All caribou in Canada are at risk of extinction.
Canada has 11 different caribou population units — caribou that live in different environments. About half of those units are endangered, meaning they are the closest to local extinction. They include herds in southern B.C. and in southern Alberta, and the once mighty George and Leaf River herds of Labrador and Quebec.
Historically, the range of woodland caribou covered more than half of Canada and into the northern United States. Today, woodland caribou have disappeared from most of their southern range.
In B.C., some populations of woodland caribou are known as southern mountain caribou. Out of 17 herds of southern mountain caribou, only 13 remain, and all are highly endangered. Four southern mountain herds in B.C. are extirpated, or locally extinct, including two herds that became extirpated in 2019.
Caribou evolved to escape predators by spreading out on vast, intact landscapes. But human development — including oil and gas operations, industrial logging, mining and road-building — has fractured their habitat.
After forests are clear-cut, new growth attracts moose and deer, and wolves follow them into caribou habitat, a pursuit made all the easier by roads, seismic lines and other linear disturbances.
In an attempt to save caribou herds that are close to local extinction, the Alberta and B.C. governments use the controversial strategy of killing wolves, a main predator of caribou.
During the winter of 2019-2020, the B.C. government spent almost $2 million to kill 463 wolves in the habitat of 10 endangered southern mountain caribou herds.
One of those herds, known as the Hart Ranges, is contending with the loss of critical habitat for the Coastal GasLink pipeline, as well as new clear-cuts approved by the B.C. government.
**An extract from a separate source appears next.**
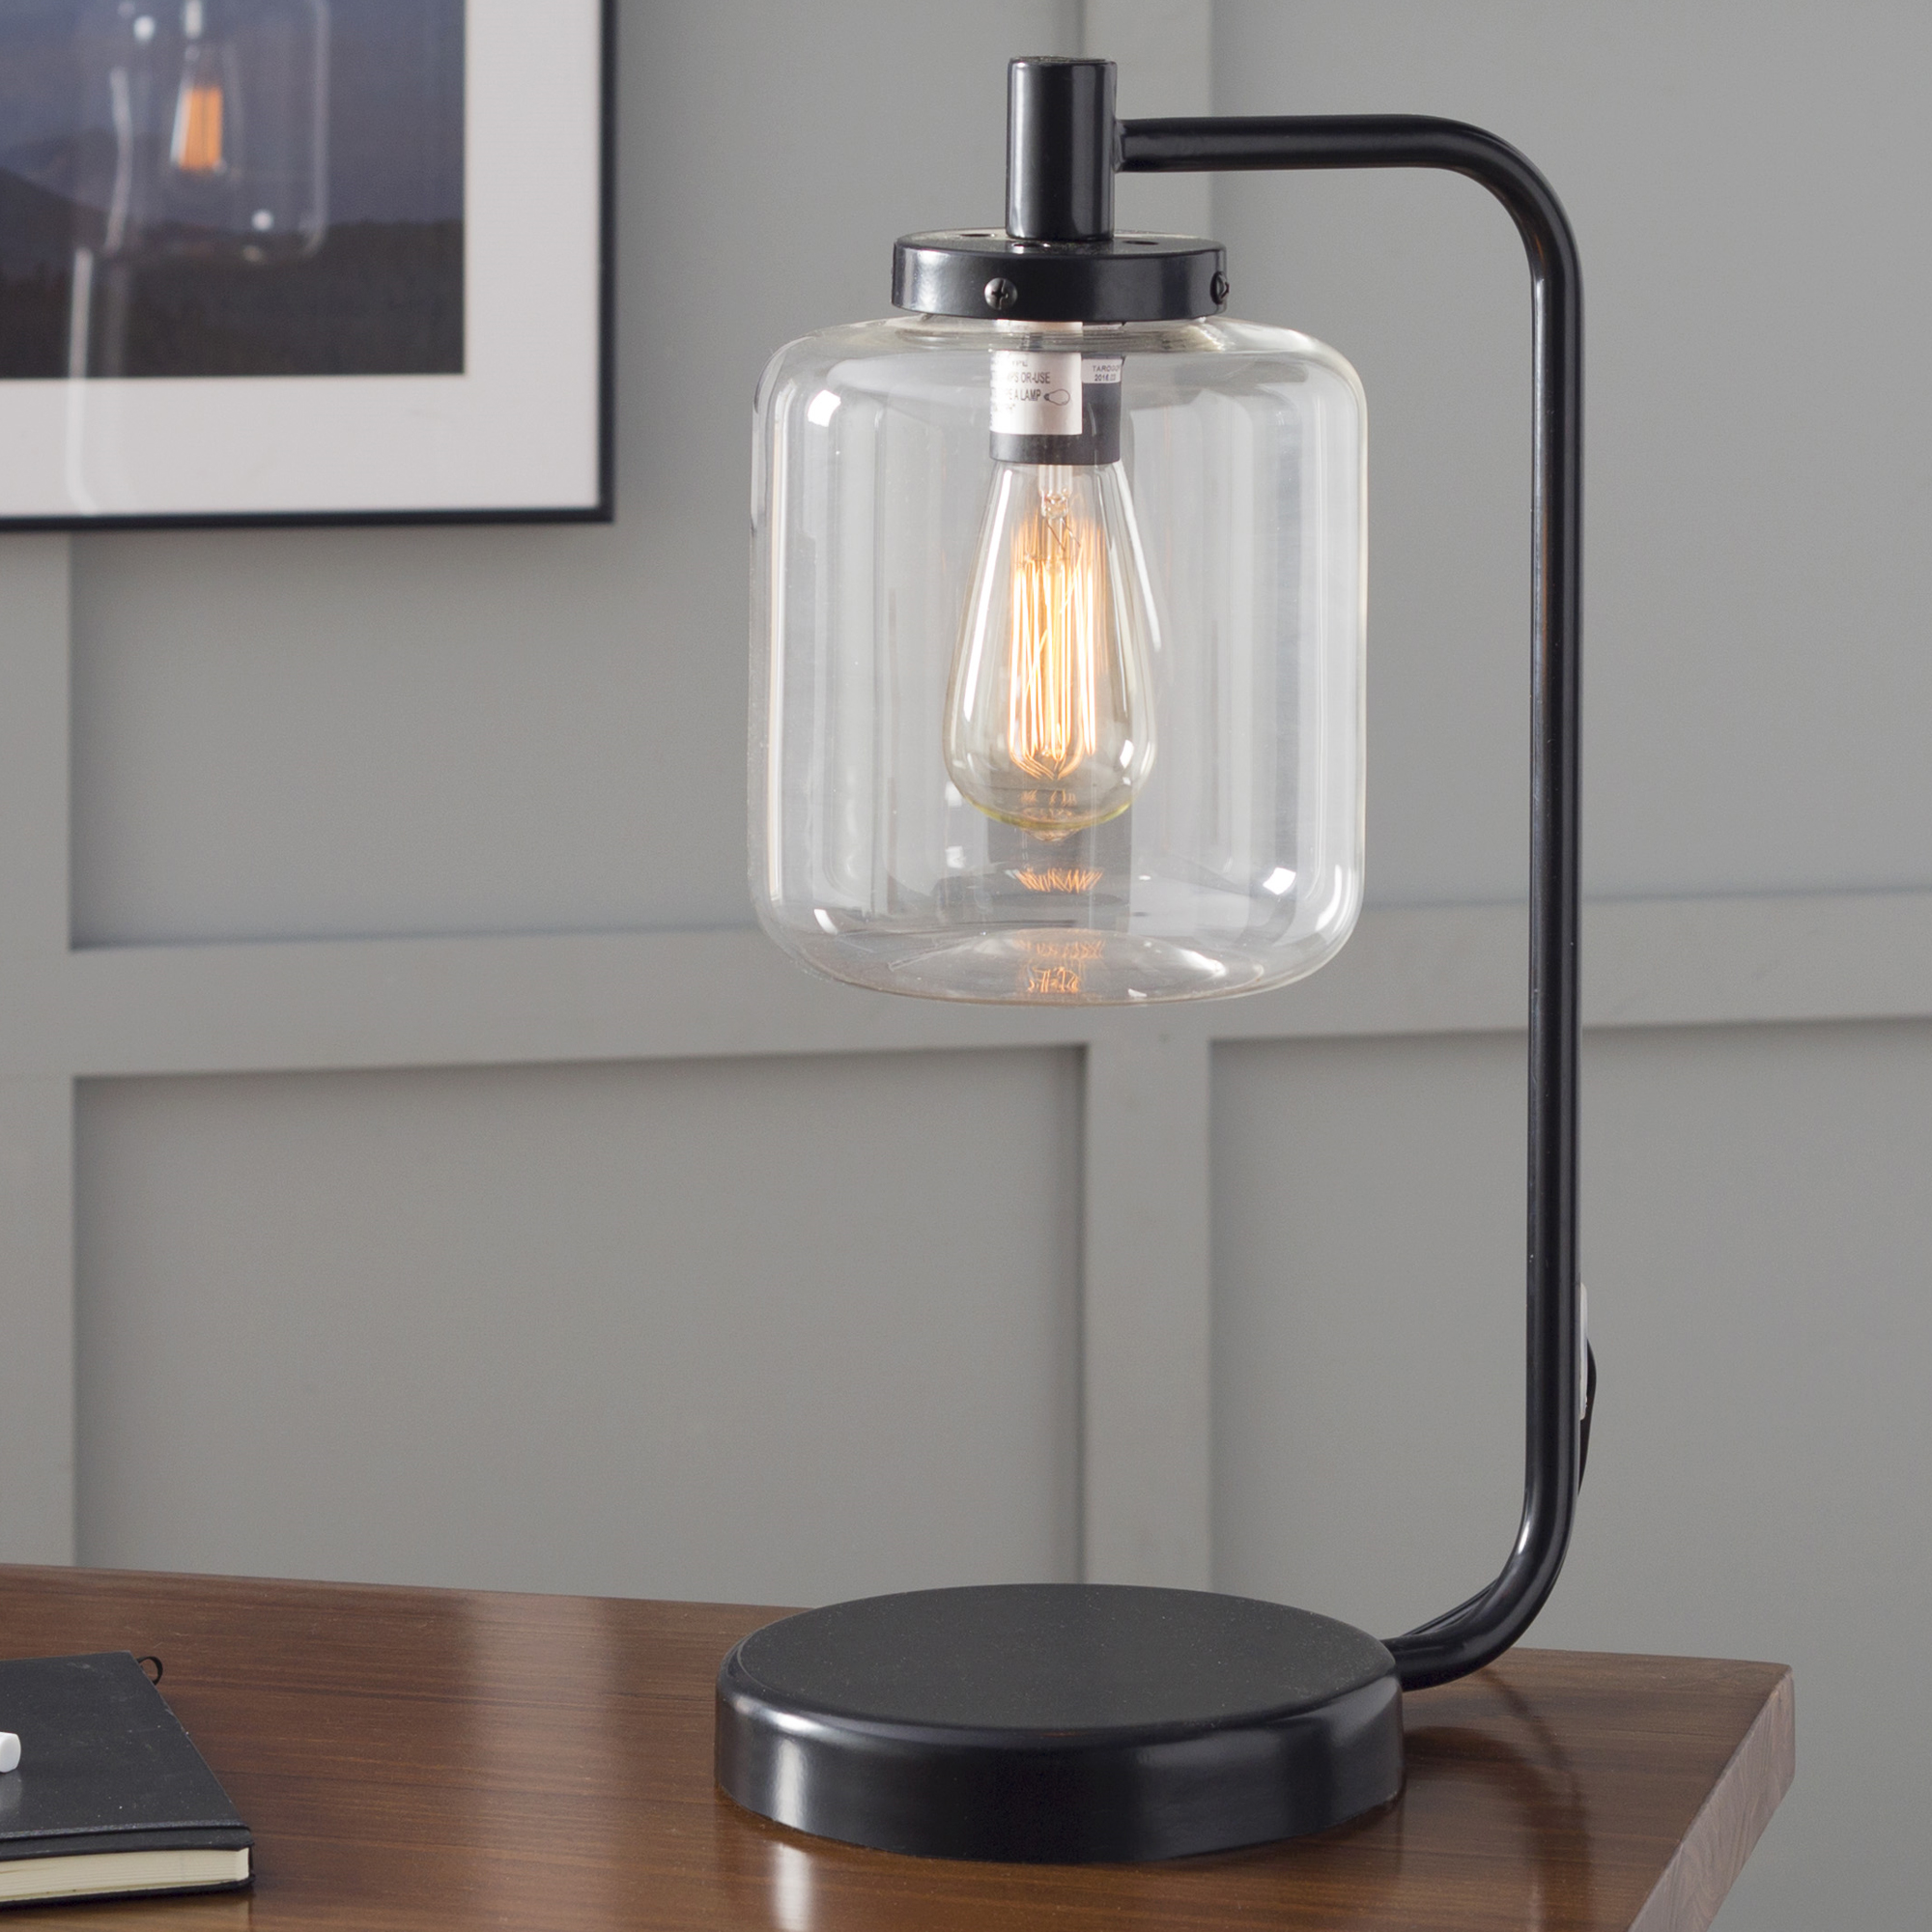 Modern lighting allmodern desk lamps aloadofball Image collections
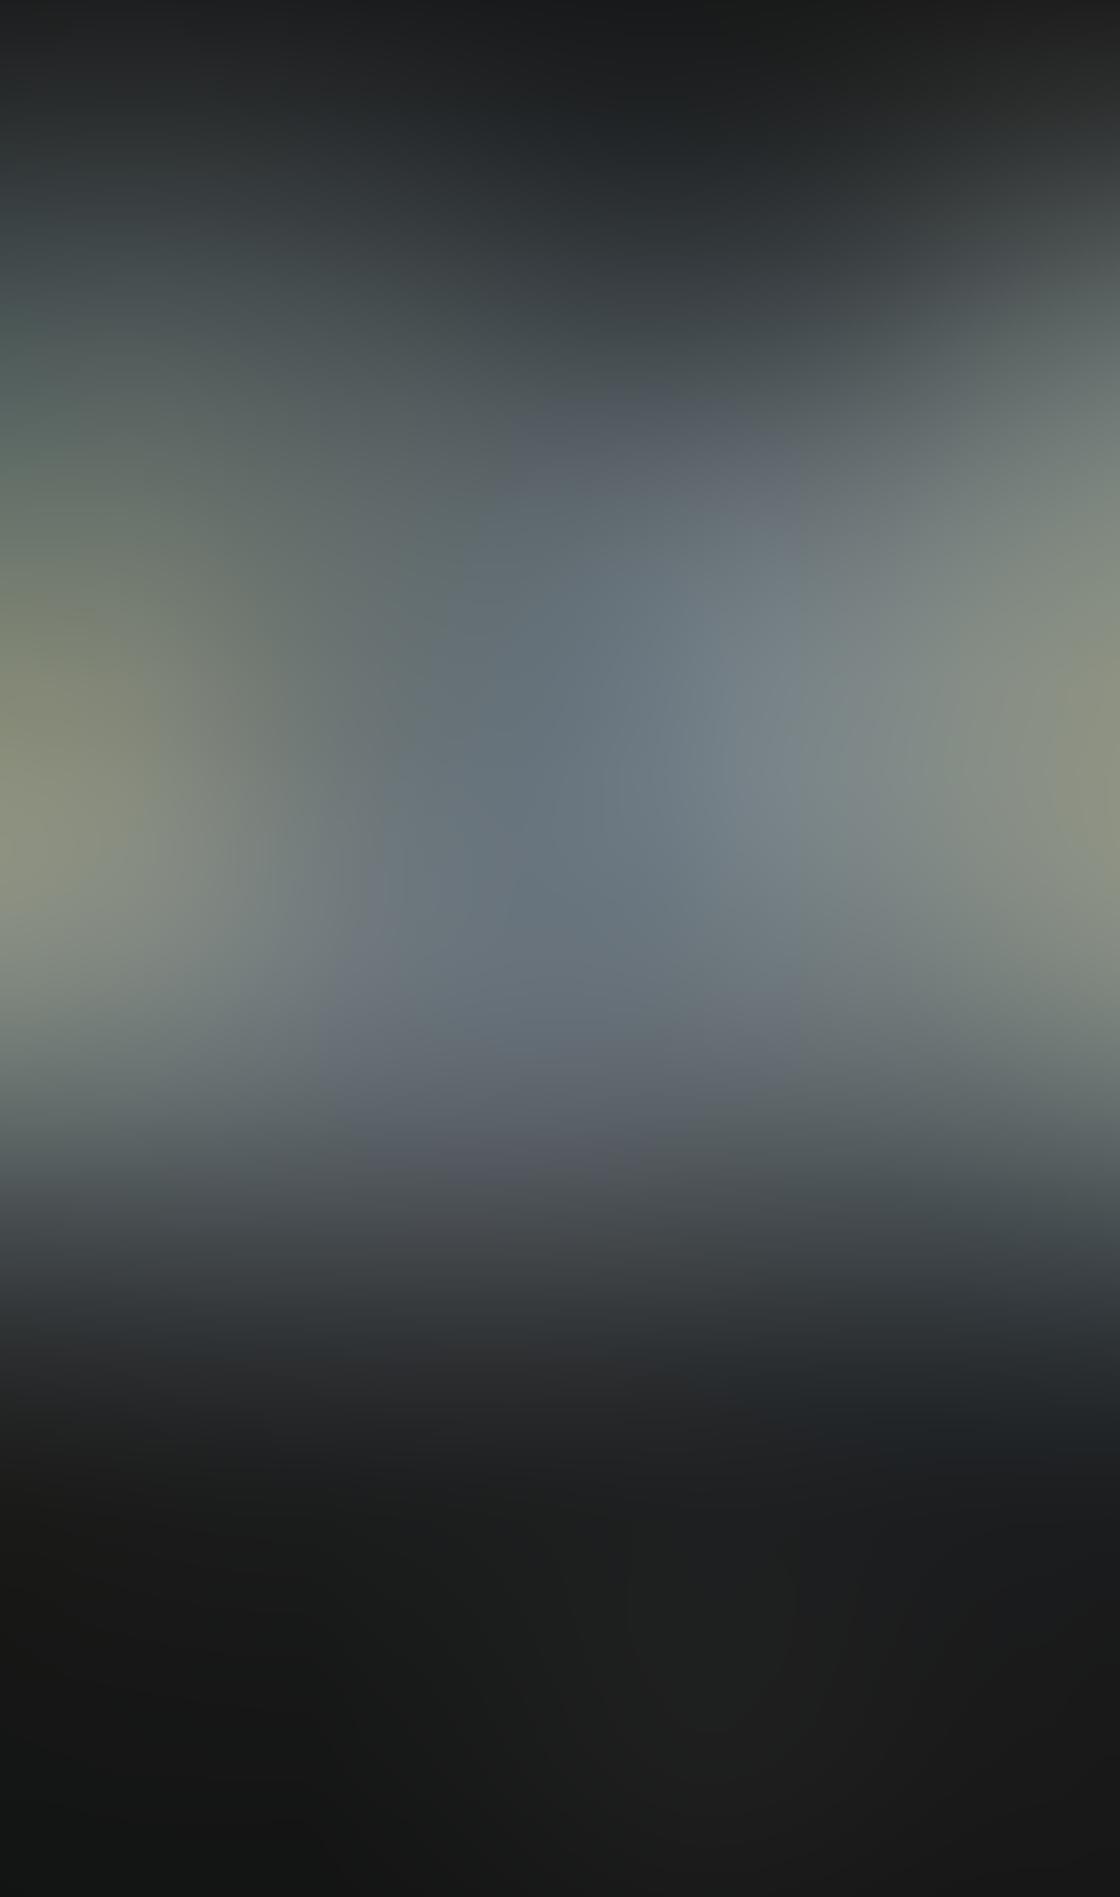 Pixelmator iPhone Editing App 11

From October, 2018, to July 4, 2019, the B.C. government approved 78 logging cutblocks in the Hart Ranges herd habitat, allowing industrial logging in a total of 5,290 hectares, an area almost three times the size of the city of Victoria.
In 2020, the B.C. government, federal government and local First Nations signed a landmark agreement aimed at recovering six caribou herds in the Peace region.
The agreement includes the eventual creation of a new 206,000-hectare provincial park — two and a half times the size of Manning Park — and places interim protections on another 550,000 hectares in the mountainous area east of Mackenzie and west of Hudson’s Hope and Chetwynd.
The federal and provincial governments also signed a second, far less detailed caribou agreement that covers the remainder of B.C.’s imperilled southern mountain caribou herds. That agreement does include any habitat protections or proposed restrictions on industrial development.